A pilot project to introduce school uniforms at a Basel secondary school will be stopped after a six-month trial period because the clothes proved too unpopular.This content was published on February 19, 2007 - 14:35
Students will now revert to their usual gear, but another attempt at uniforms will be made during the next school year with younger pupils, using a simpler set of clothing.
The experiment, which was keenly watched across Switzerland, where students do not usually wear uniforms, was aimed at measuring how the clothing affected pupils' performances, identities and spending habits.
But the clothes were apparently not classic enough for their taste.
Two classes of 14- to 15-year-olds at the state-run Leonhard school in Basel took part in the experiment, wearing a mix-and-match uniform drawn from a 14-piece collection of different items.
The collection was chosen by a jury, which included pupils. Drawn up by local designer Tanja Klein, it includes trainers, three-quarter length cargo pants, hooded tops and beanie hats and was supposed to be suited to teenagers.
However, it was somewhat different from what most people – especially in other countries – consider to be a school uniform: dark trousers or a skirt, a white shirt, a tie and a blazer for example.
The students were not against wearing a uniform as such – they just found that it was not classic enough, according to the school's director, Christian Griss.
Pupils felt the smart-casual outfit did not suit their style, and would have rather gone with something more traditional, along the lines of school clothing worn in Britain, he added.
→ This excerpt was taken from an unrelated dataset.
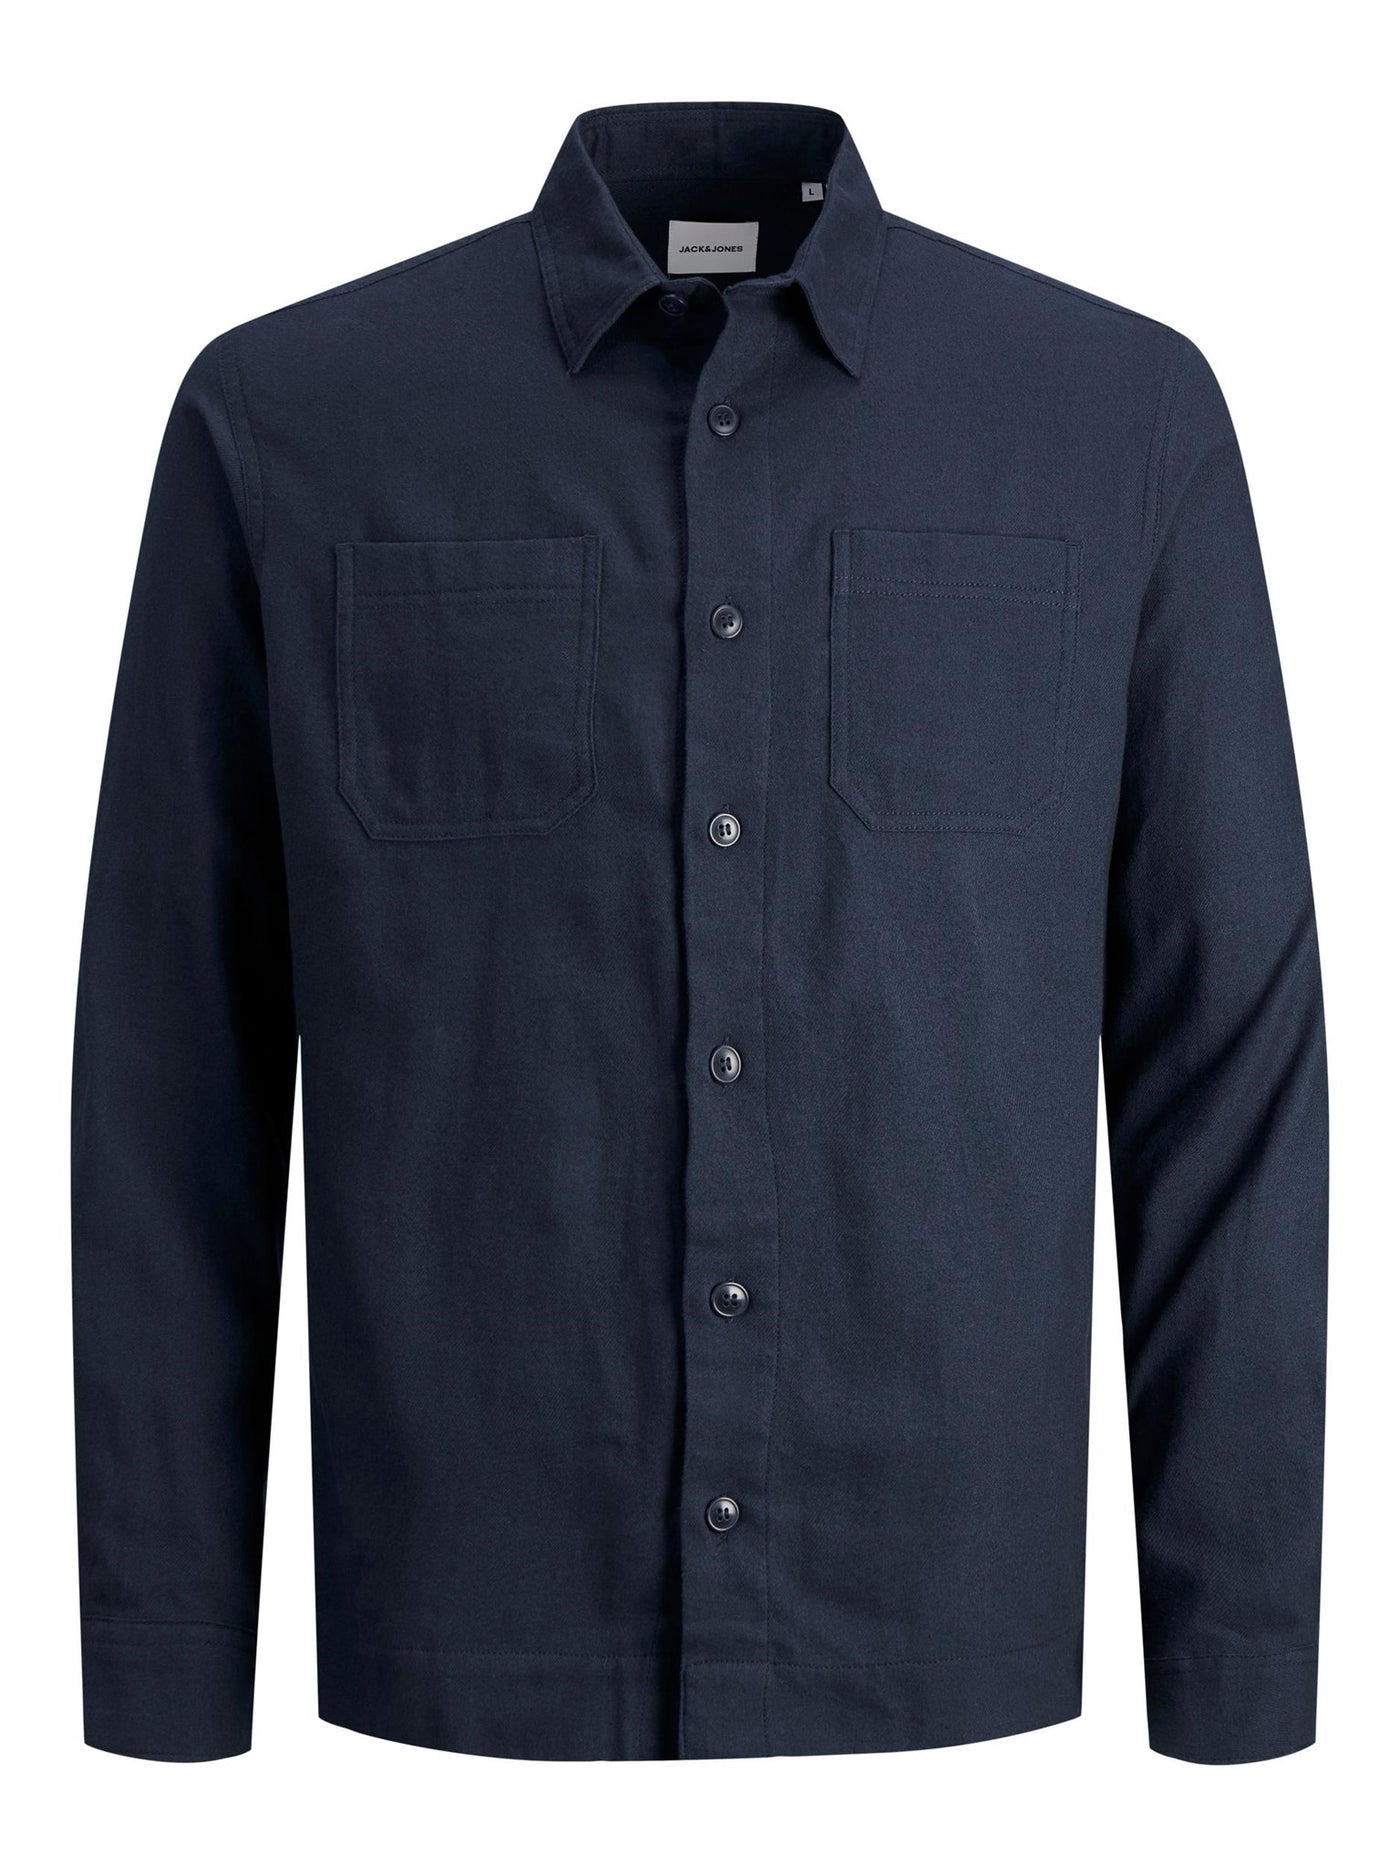 Logan Solid Skjorte - Navy Blazer - Jack & Jones - Blå

Alexander Grob of Basel University's psychology institute, who is conducting an external evaluation of the project, says this is not surprising.
"I think they like to show they belong to the same group," he told swissinfo. "If they wear the same sweater or the same trousers for example, they are identifiable for their friends and it says they come from the same school."
However Griss said he was not sure that classic clothing would be more successful. "I don't see these youngsters running around in a blazer," he told the NZZ am Sonntag newspaper.
The pilot project was aimed at finding out what students were prepared to wear, but the school director says that while the style question has now been debated, no decision has been reached on whether uniforms were a good or bad idea.
There is no tradition of school uniforms in Switzerland. Various cantonal parliaments have spoken out against the idea, rejecting it on the grounds that it either did not suit the cultural environment or would hinder a child's personal development.
One of the reasons school uniforms have been proposed is that it would allow students to break away from peer pressure and the need to purchase branded clothing.
The uniform in the pilot project costs around SFr730 ($592), but parents only paid SFr100, with the rest covered by sponsorship, including that of the Swiss Textile Association.
But it is estimated that purchasing a uniform would usually work out 30 per cent cheaper than buying the same amount of clothes.
The Leonhard school management still wants to press on with the uniform project, although this time with a younger group and fewer clothes to choose from. For Grob, the plan is more likely to meet with complete acceptance.
"The sooner you introduce a uniform the more accepted it is by the pupils," he said.
The jury still out on whether school-sanctioned clothes help improve students' marks. This will take more time, according to Grob.
"We have indications from other projects that performances increase," he told swissinfo. "But it takes at least one to two years for an effect to be noticeable."
swissinfo, Scott Capper
More and more young people are caught up in the consumption of status items such as clothes, mobile phones and electronic equipment.
Experts estimate that Swiss children and young people have a total of at least SFr600 million pocket money at their disposal per year.
In a survey of 1,000 young people, 760 of them said they would be prepared to get into debt.
As a general rule, school children in Switzerland do not wear uniforms.
Only some private schools, with students from abroad, impose student attire.
School uniforms dominate in Britain, Ireland and Cyprus.
In the United States school uniforms are fairly common at private schools, but not state schools.
Outside Europe they are the norm in Australia, New Zealand, South Africa, Japan and many former British colonies.